There’s my little girl, dancing with her father in a tiny living room to the overture of Guys and Dolls. They are always there: swaying, laughing, joking, while the music plays. Even when my daughter is my age, she will still be in that moment, dancing in her father’s arms.
Because they once were mine, they are always mine.
At December’s end, we meet the Fournets at Bryant Park. It is a gray day, the sort that makes you feel you are inside a box and need to jump and flip the lid off so you can let some light in.
My husband snaps photos of the girls going round the carousel. Edith Piaf warbles from the speakers and the carousel’s bright stage bulbs sparkle against the darkening sky—afternoon is succumbing to evening. He takes a photo of Julie and me, sitting in chairs on the cobble-stoned path.

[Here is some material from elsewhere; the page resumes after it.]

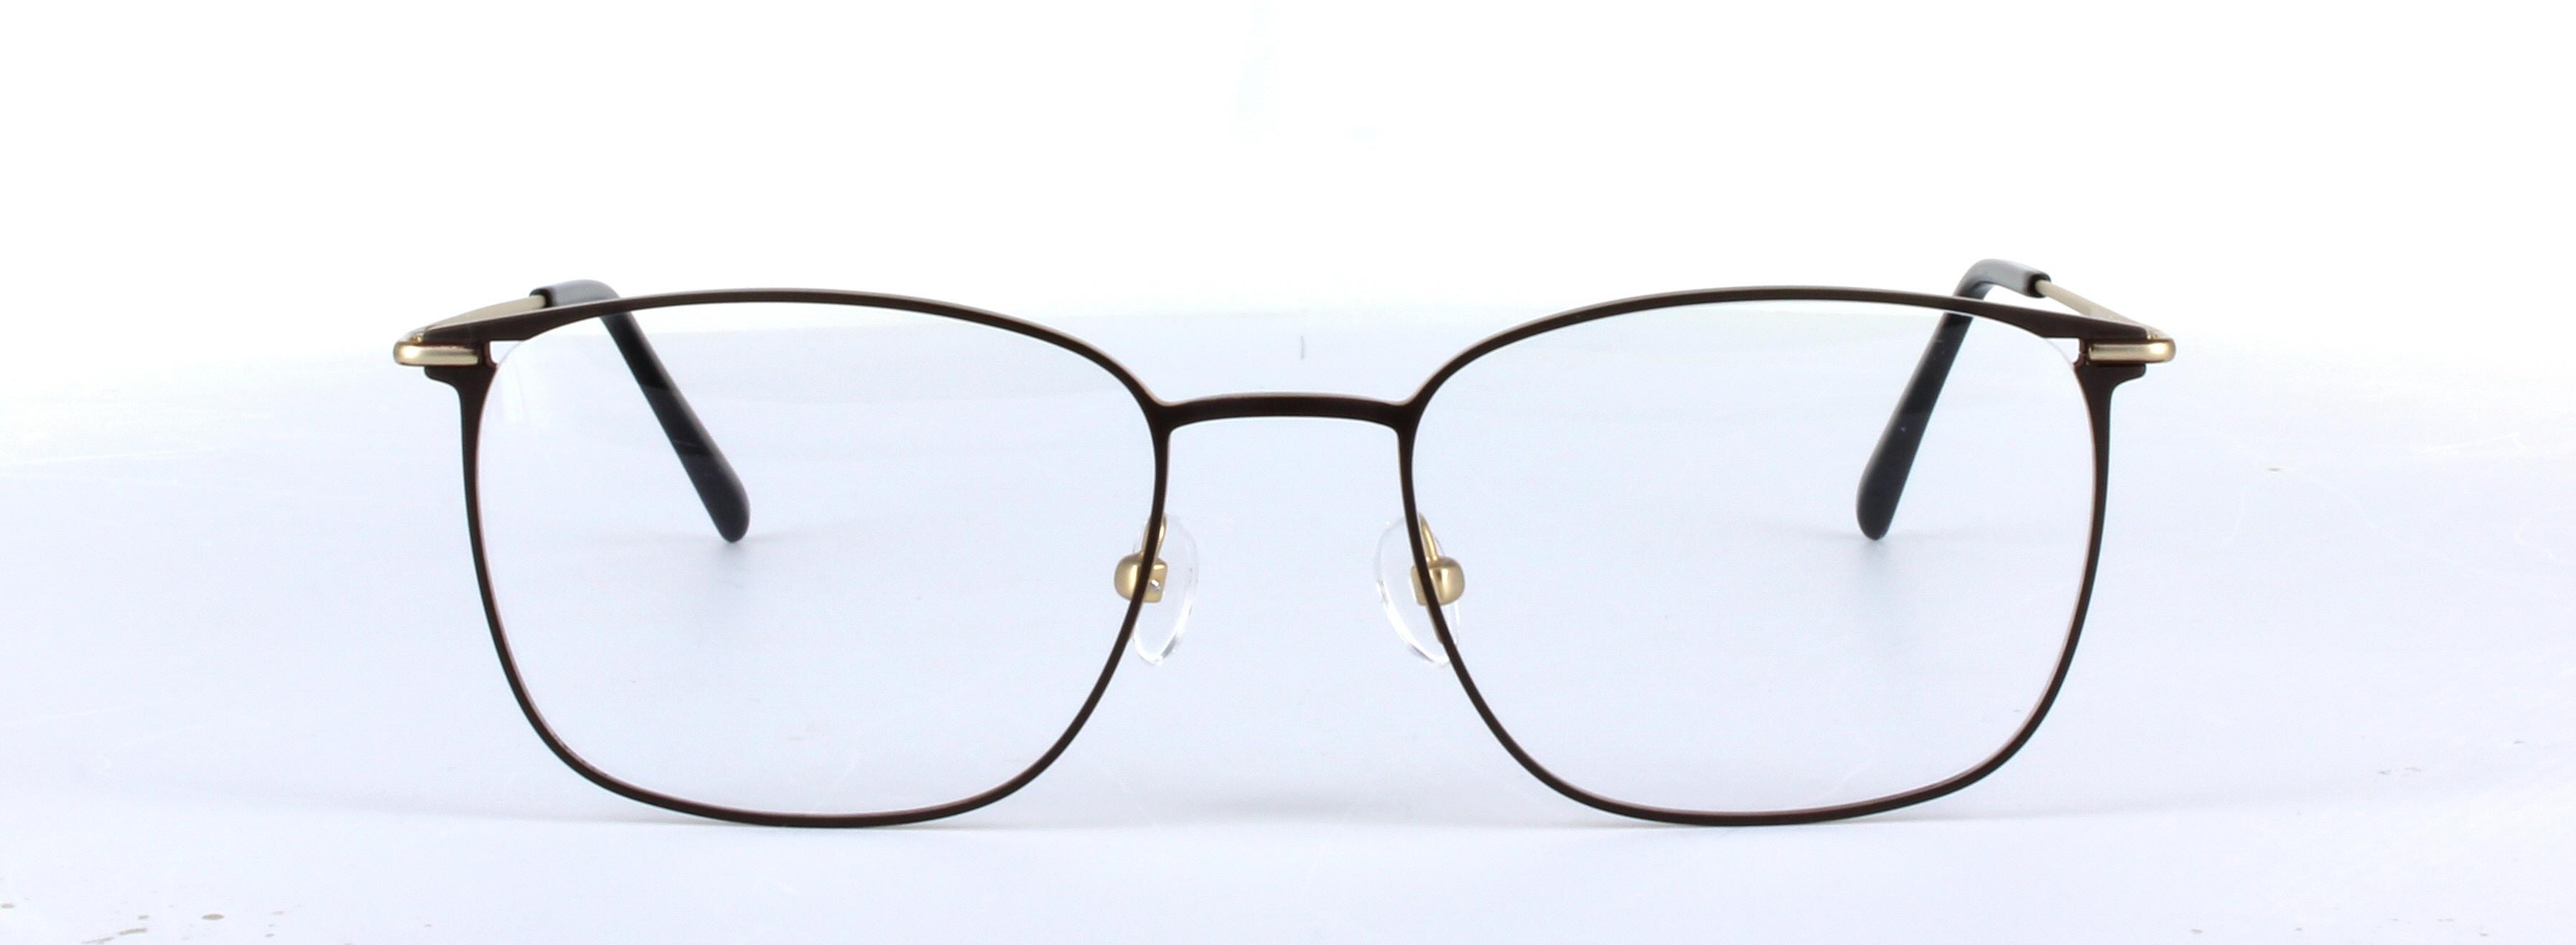 Hayden Brown Full Rim Rectangular Metal Glasses - Image View 5
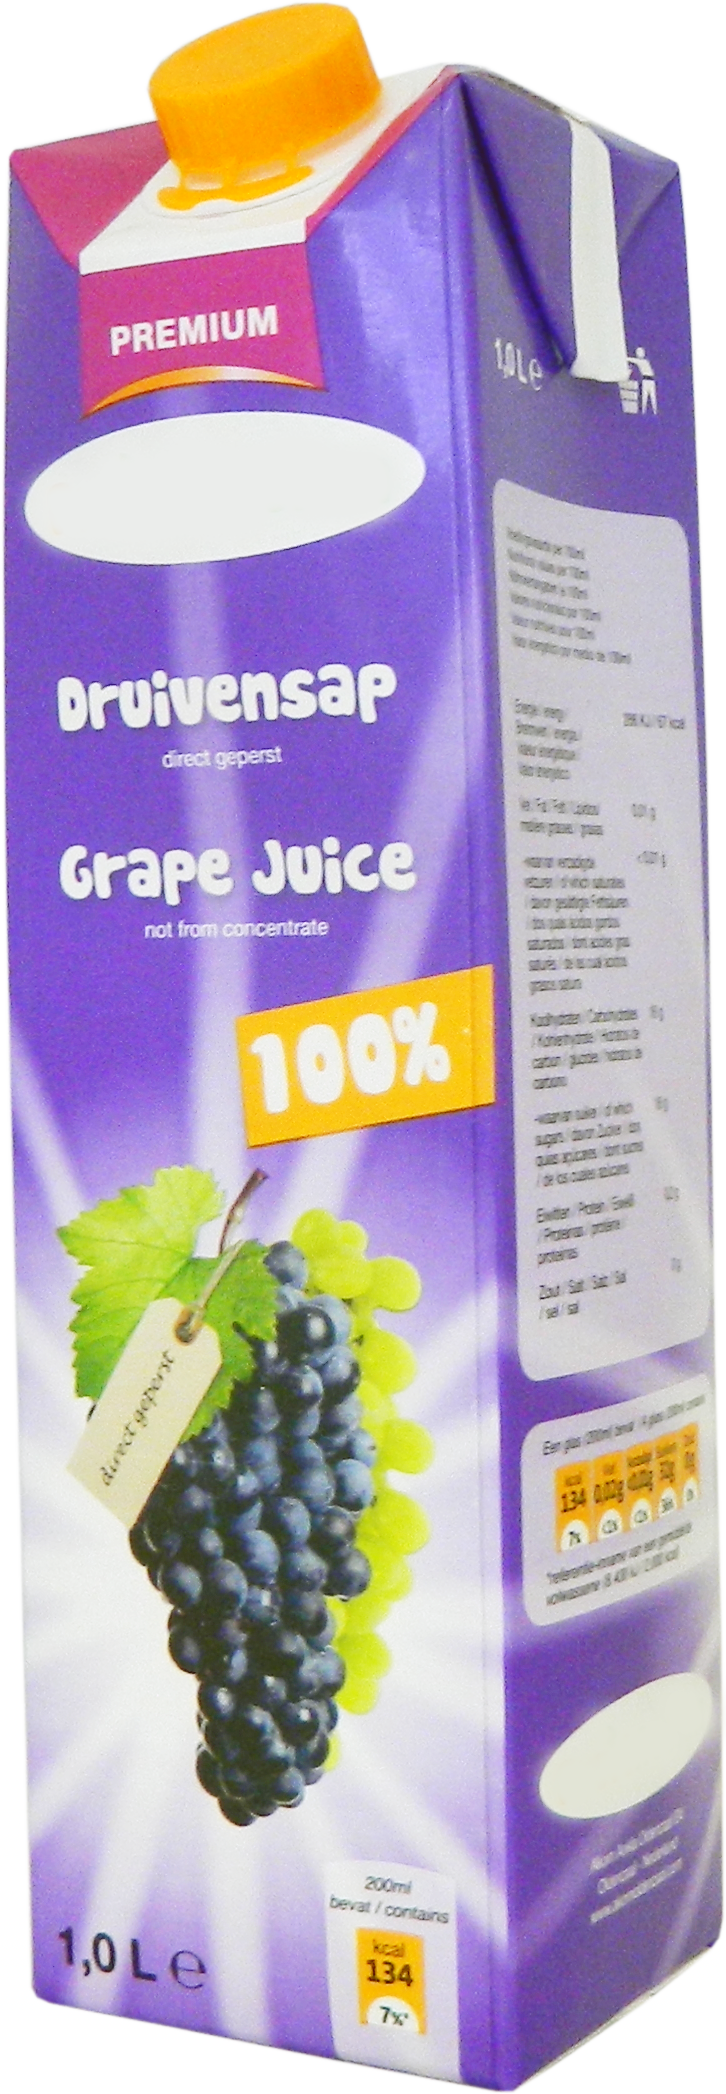 Premium Grape juice 1,0 liter

Julie says she is going to Maison Kayser to get some decent bread.
She returns with a baguette, and some flowers, too. The children have lined up in front of a balloon folder; we can’t leave the chilly park until each girl gets her twisted rubber animal. It’s dreadfully cold now and a razor is slicing through my thigh. I need more pain medicine, but I don’t have any—I left the house without it to make sure I wouldn’t take another pill. The razor twists; my muscles lock against the wind.
I imagine the two flights of subway stairs that lead to the C train and catch my breath.
I glance back at the carousel.
Edith Piaf still trills from its speakers; its bulbs light up the night like a movie theater’s marquis.
How you see it will be how your daughter sees it.
It’s time to go. I join the group descending the stairs to exit the park in the dark of night.
I never print unflattering photos.
I linger over the photo of Julie and me at the carousel. Impulsively, I add it to my Shutterfly cart.
In the picture, my face is pinched with pain and my body is hunched, trying to protect my hip from the freezing metal of the wrought-iron chair. Julie is sitting next to me; we are smiling for the camera. The light is terrible; there are shadows underneath my eyes.
It is how you look at it.
The photo is framed in my apartment: a memory of the day. I look dreadful in the picture, but the photo itself—it is a thing of beauty.